— WORK INSTRUCTION —
Locate each line of the material that contains "maurische", then return it.

— COLLECTED DATA —
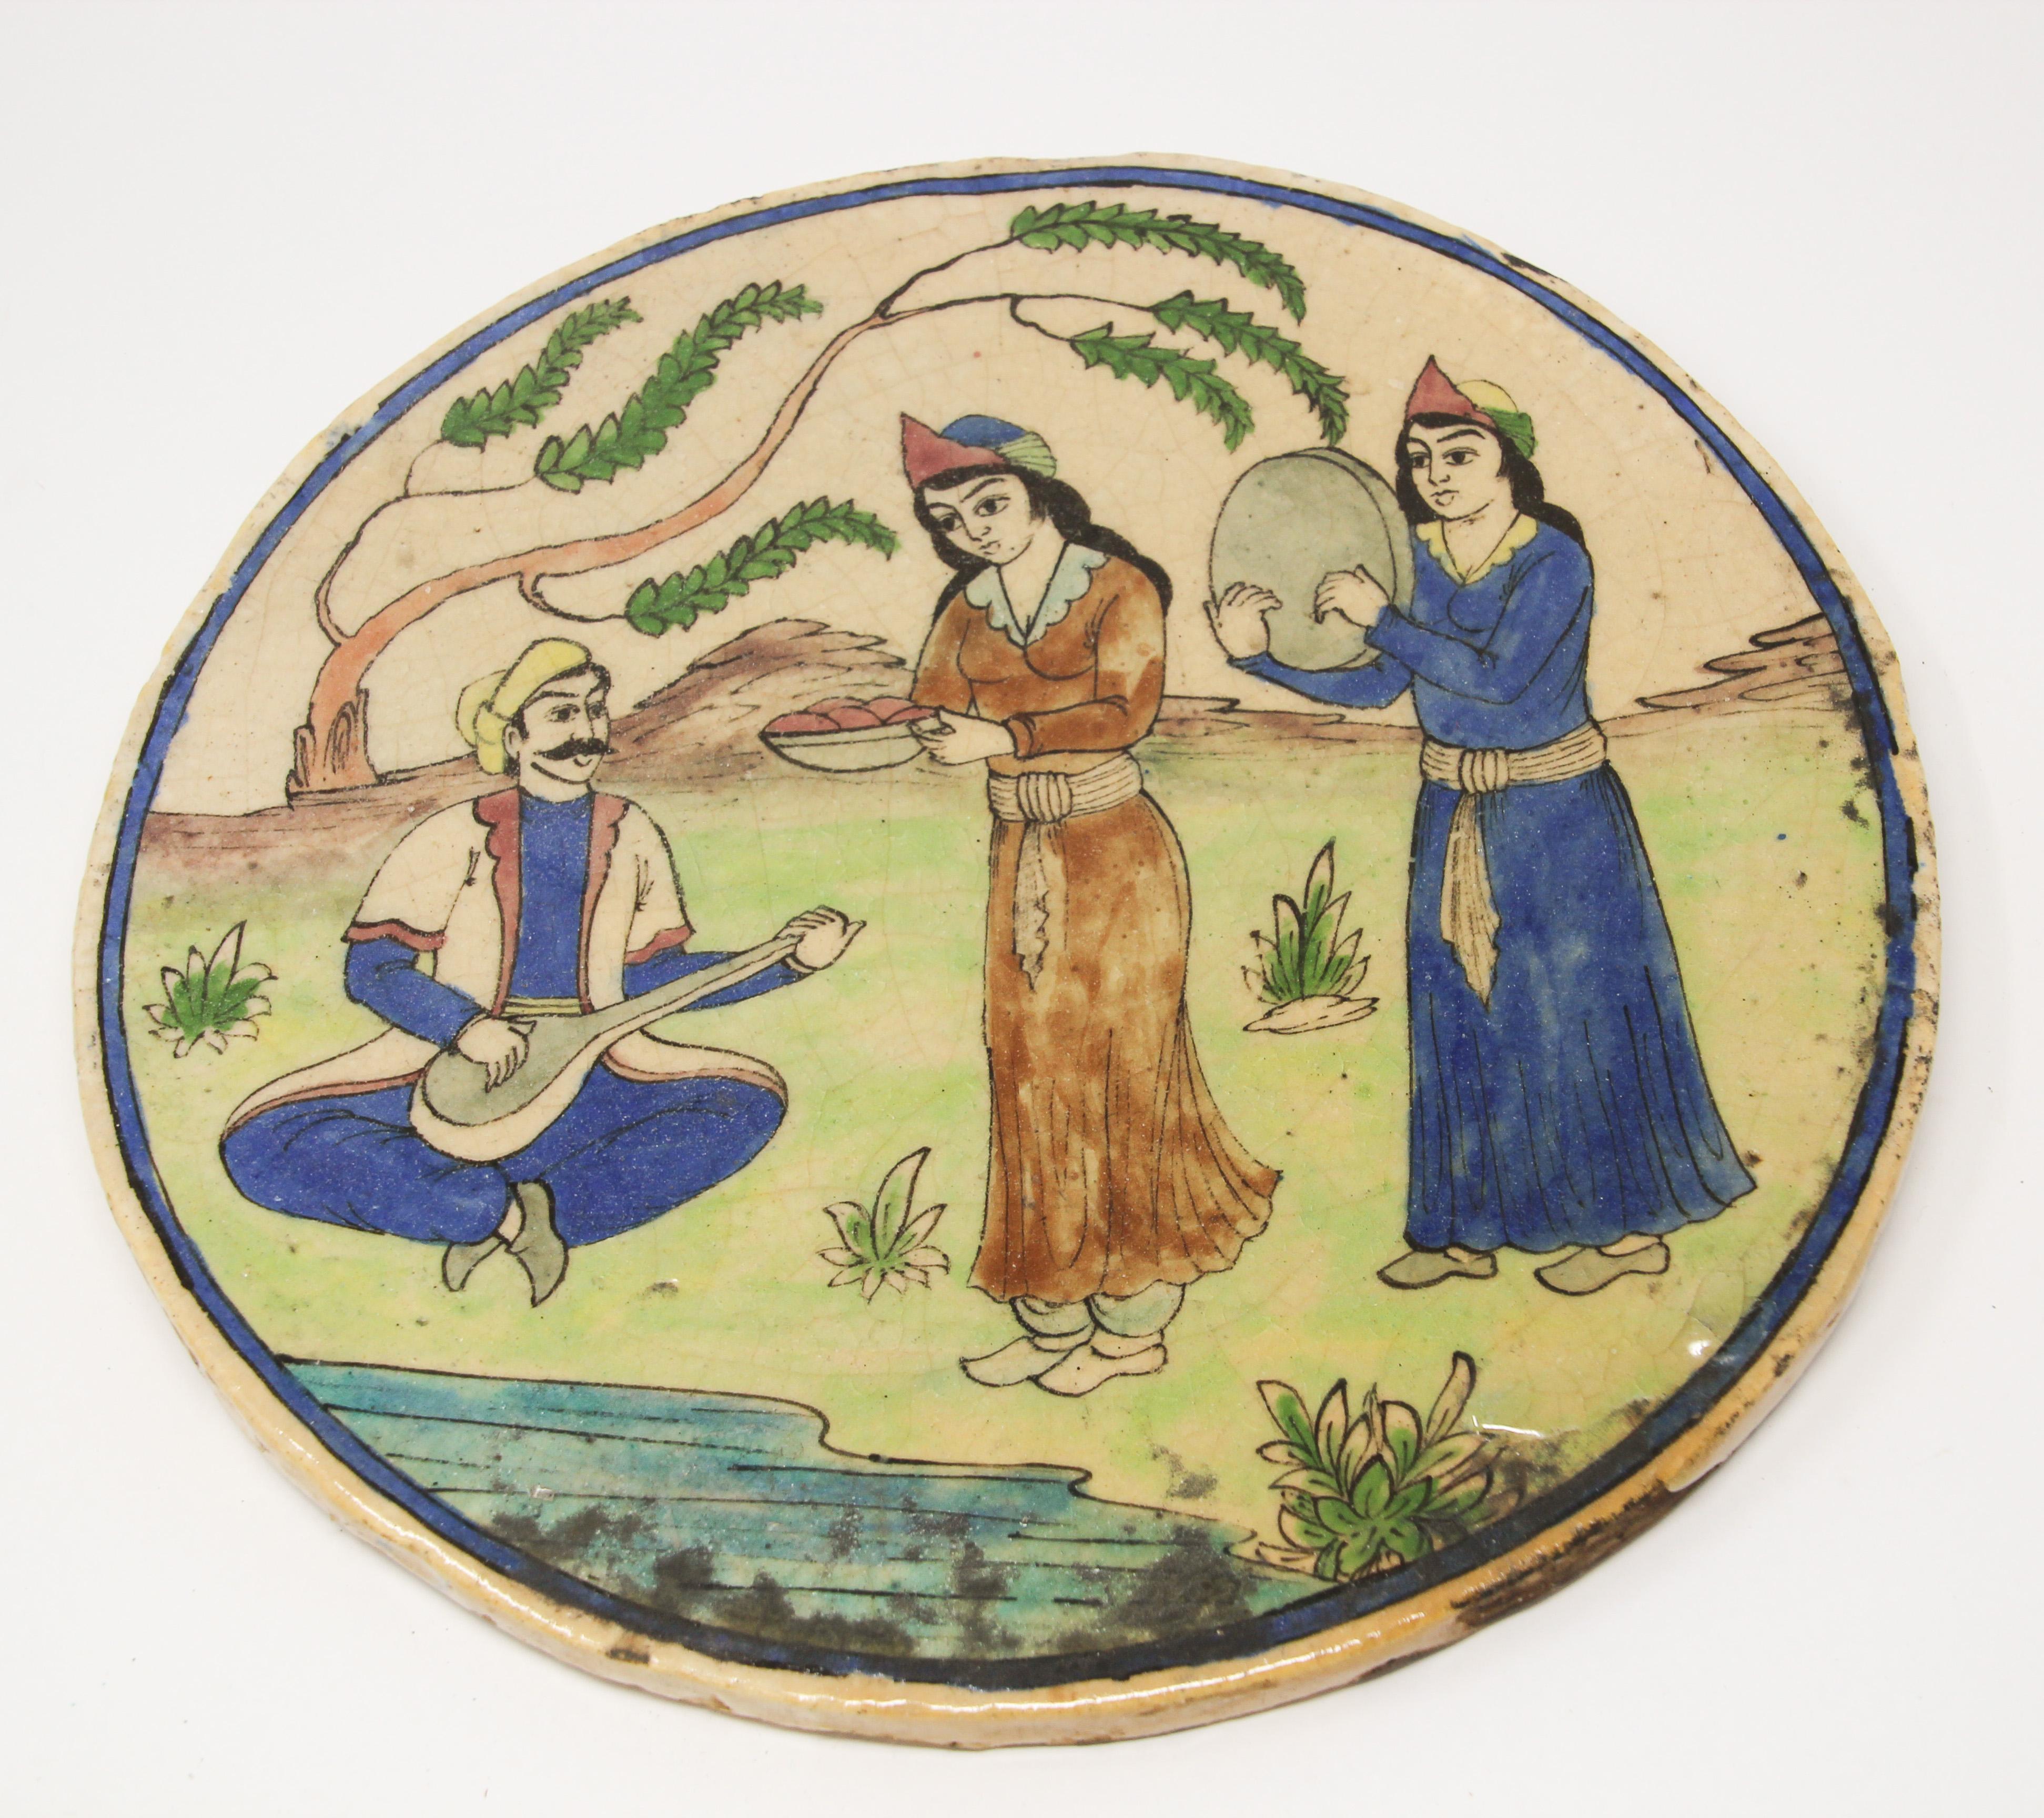 Antike Qajar-nahöstliche islamische Fliesentafel.
Glasierte maurische Keramikfliese, die eine Szene im Freien mit Musikern und Frauen darstellt, die Essen servieren und tanzen.
Schöne maurische türkische handgefertigte dekorative runde Crackle

— ANSWER —
Glasierte maurische Keramikfliese, die eine Szene im Freien mit Musikern und Frauen darstellt, die Essen servieren und tanzen.
Schöne maurische türkische handgefertigte dekorative runde Crackle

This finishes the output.